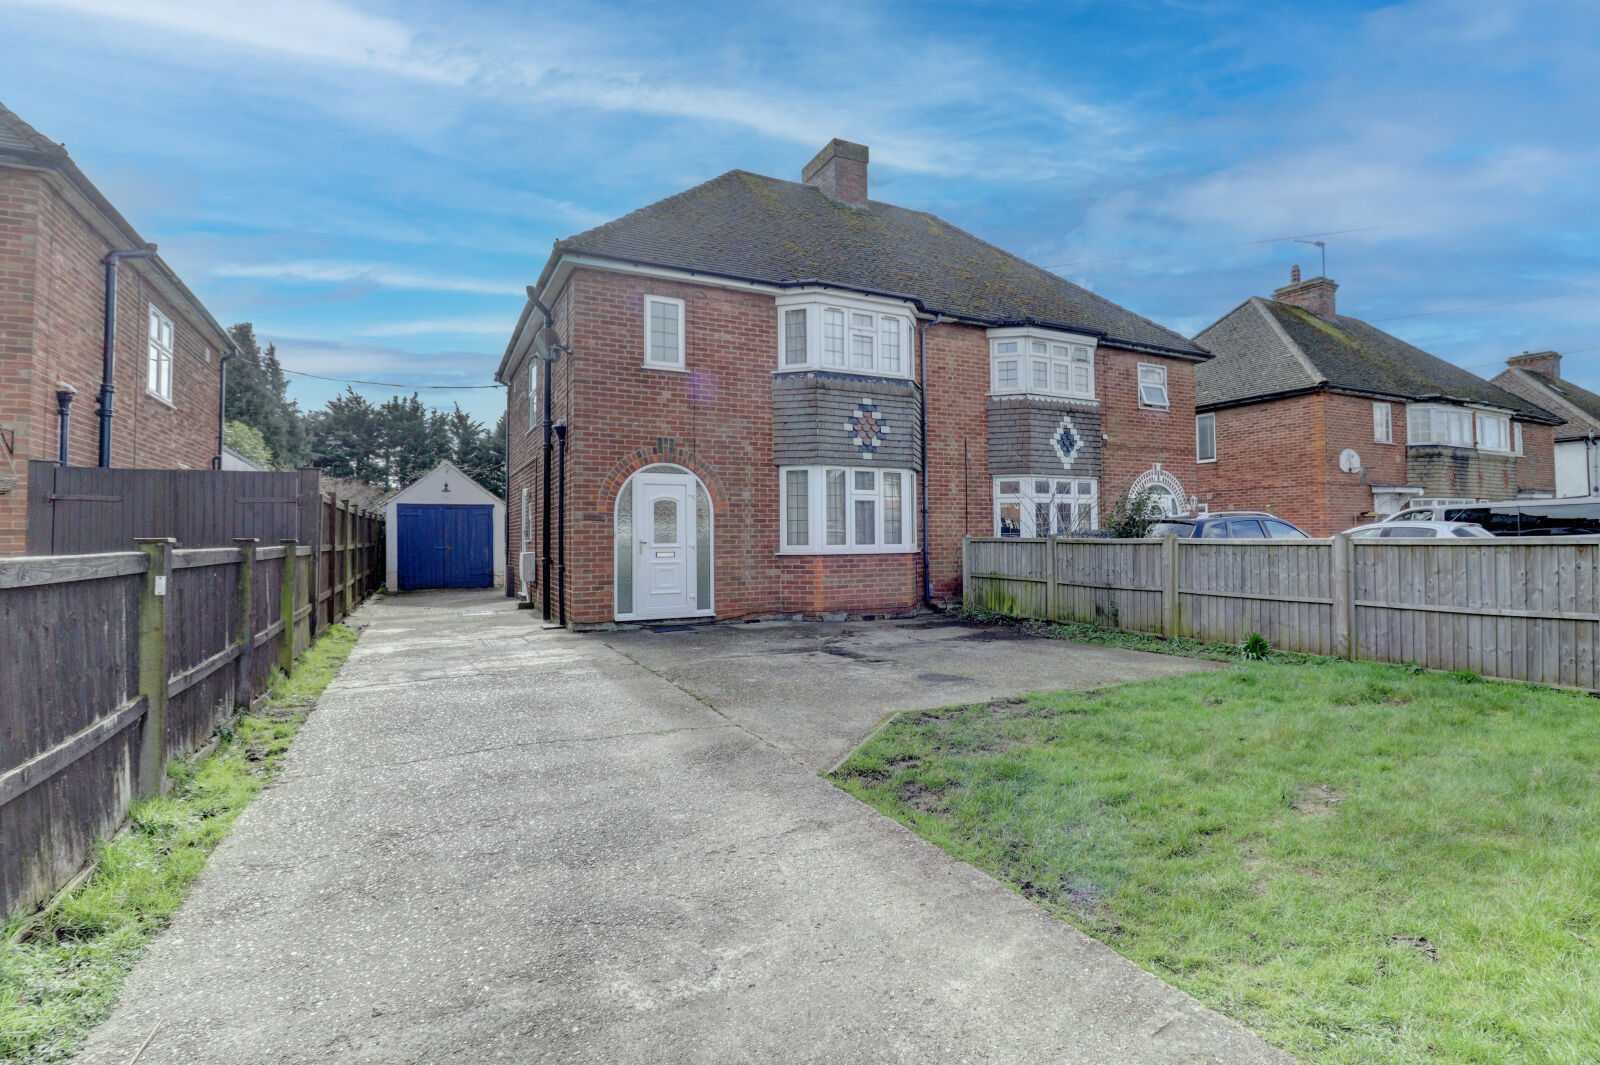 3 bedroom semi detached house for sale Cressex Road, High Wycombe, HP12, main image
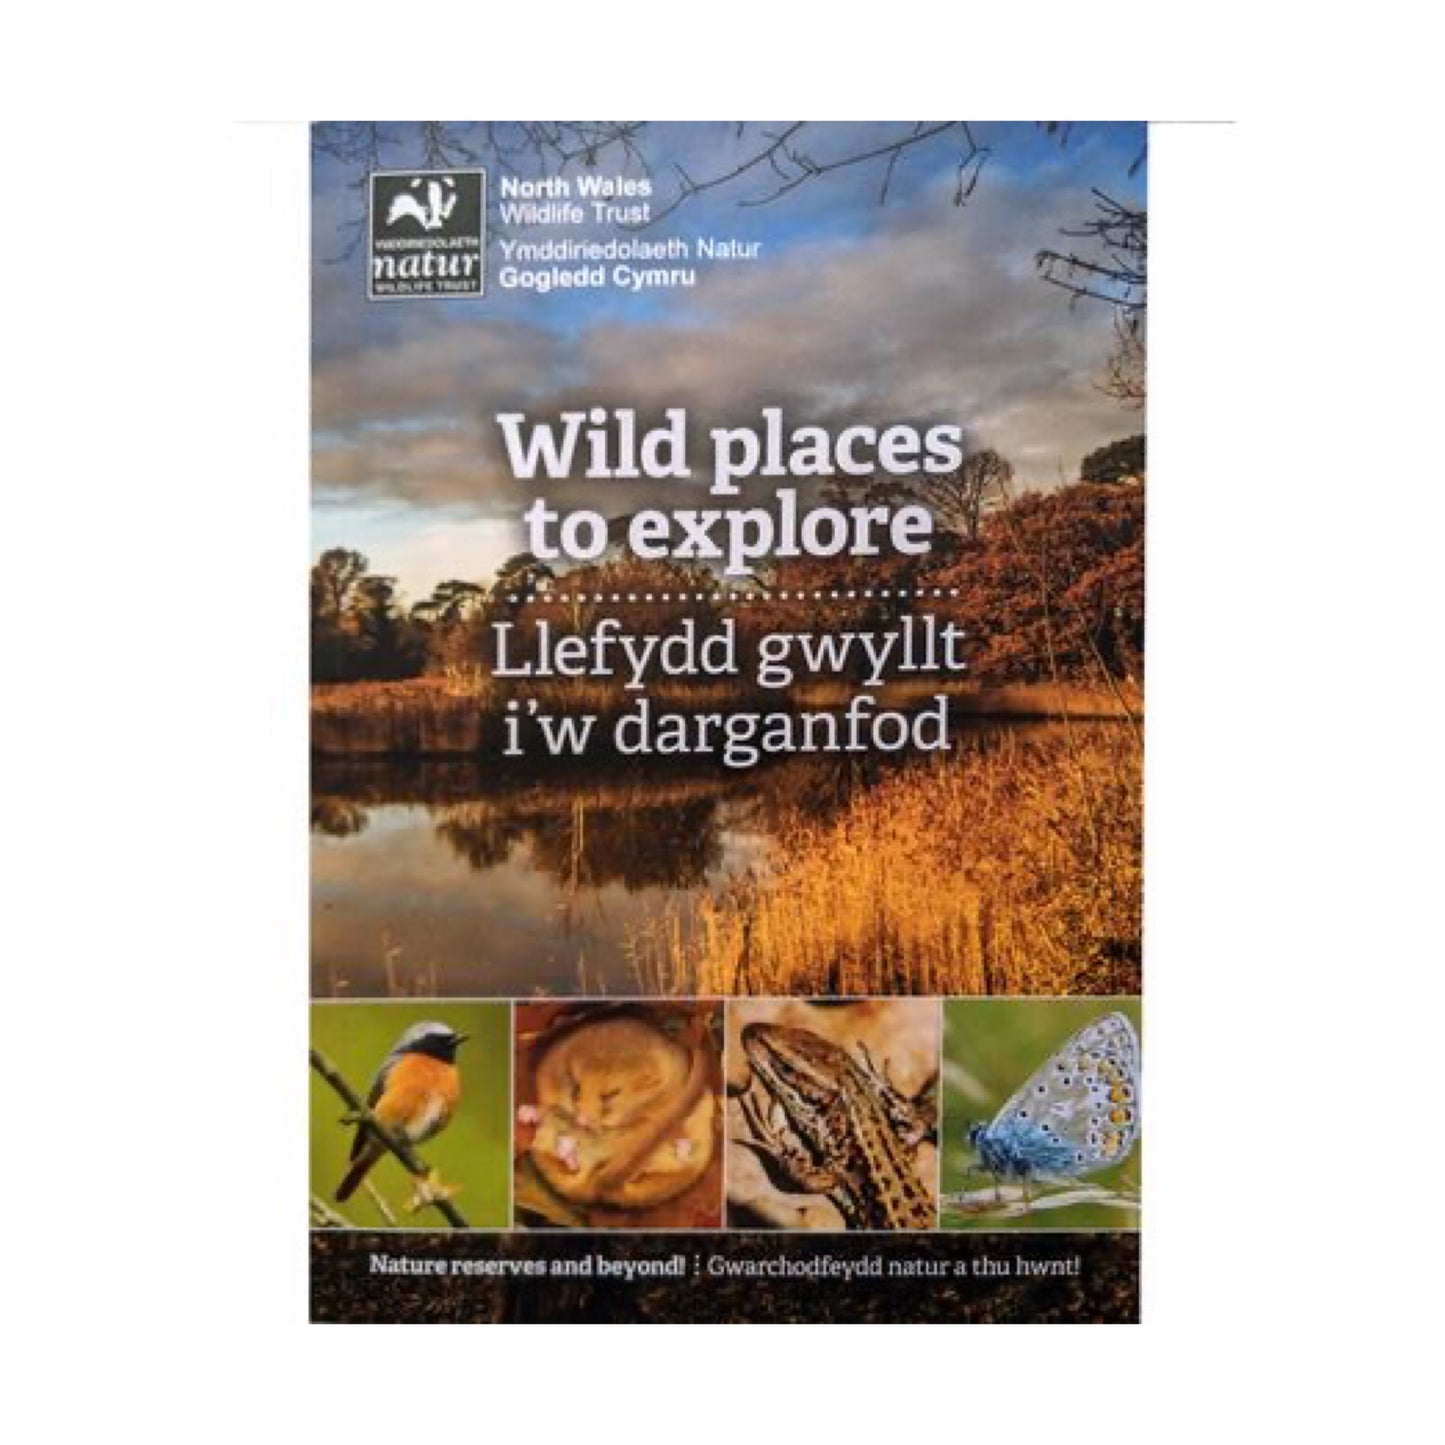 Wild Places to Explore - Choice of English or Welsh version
* * * *
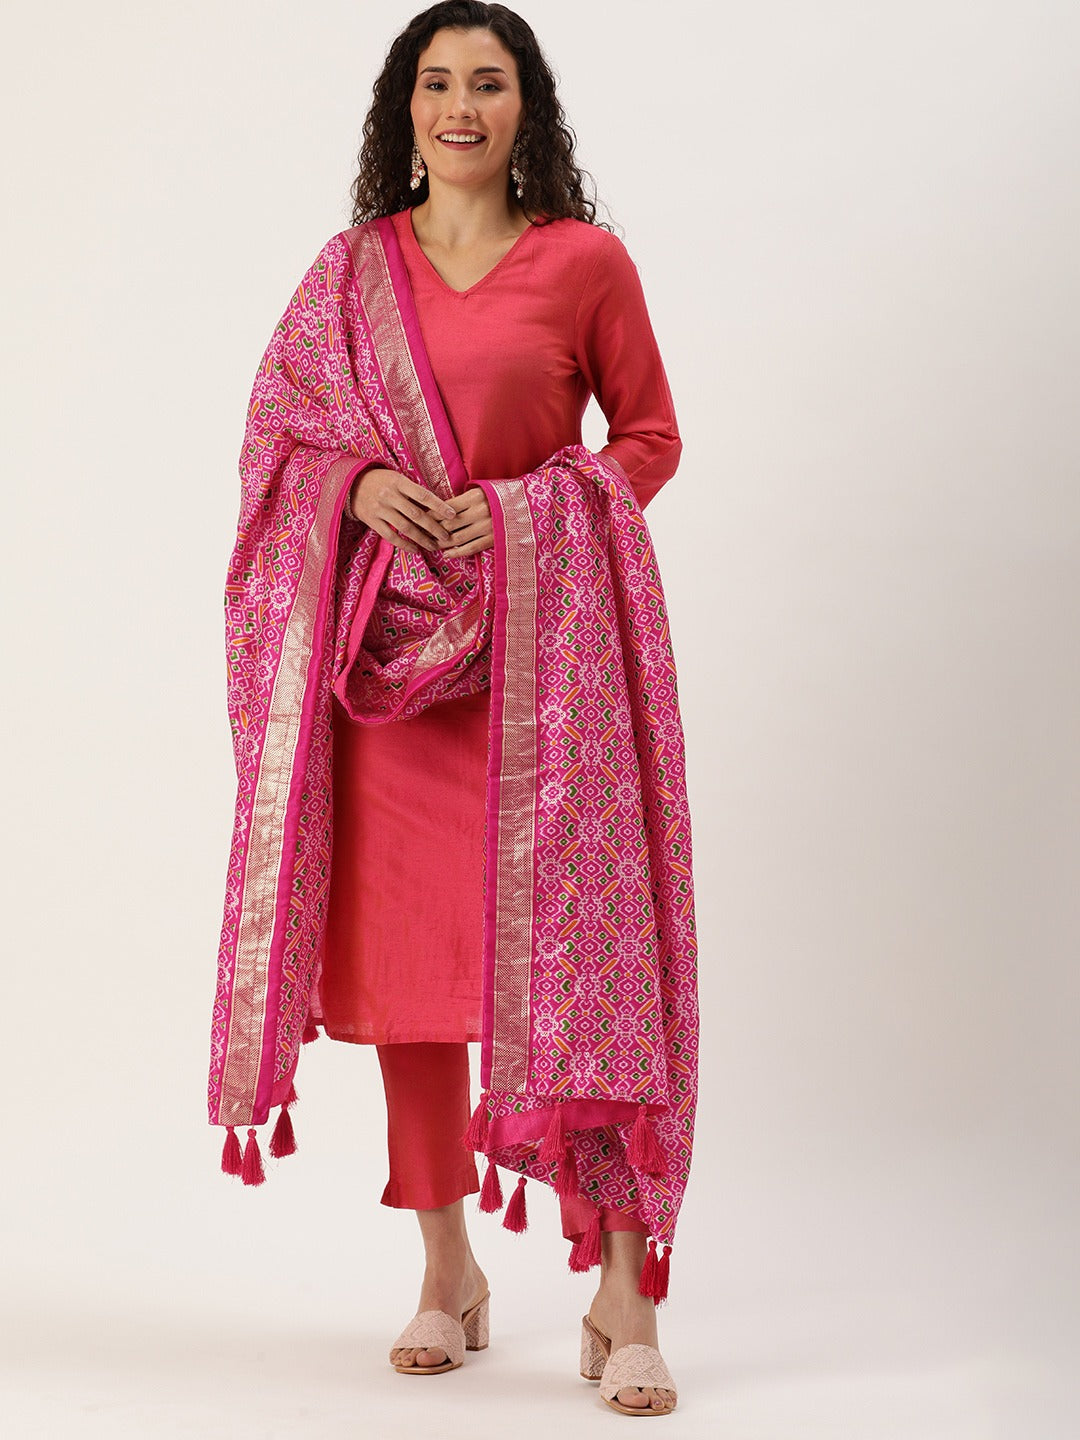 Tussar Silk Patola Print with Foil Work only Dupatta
* * * *
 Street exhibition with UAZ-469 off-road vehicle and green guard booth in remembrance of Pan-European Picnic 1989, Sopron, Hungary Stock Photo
* * * *
§ **What you are asked to do**
Copy nothing but the lines above from the one with "3 bedroom semi" to the one with "Wild Places to", inclusive, word for word. Leave every picture out.

§ **Exercise result**
 3 bedroom semi detached house for sale Cressex Road, High Wycombe, HP12, main image
 Wild Places to Explore - Choice of English or Welsh version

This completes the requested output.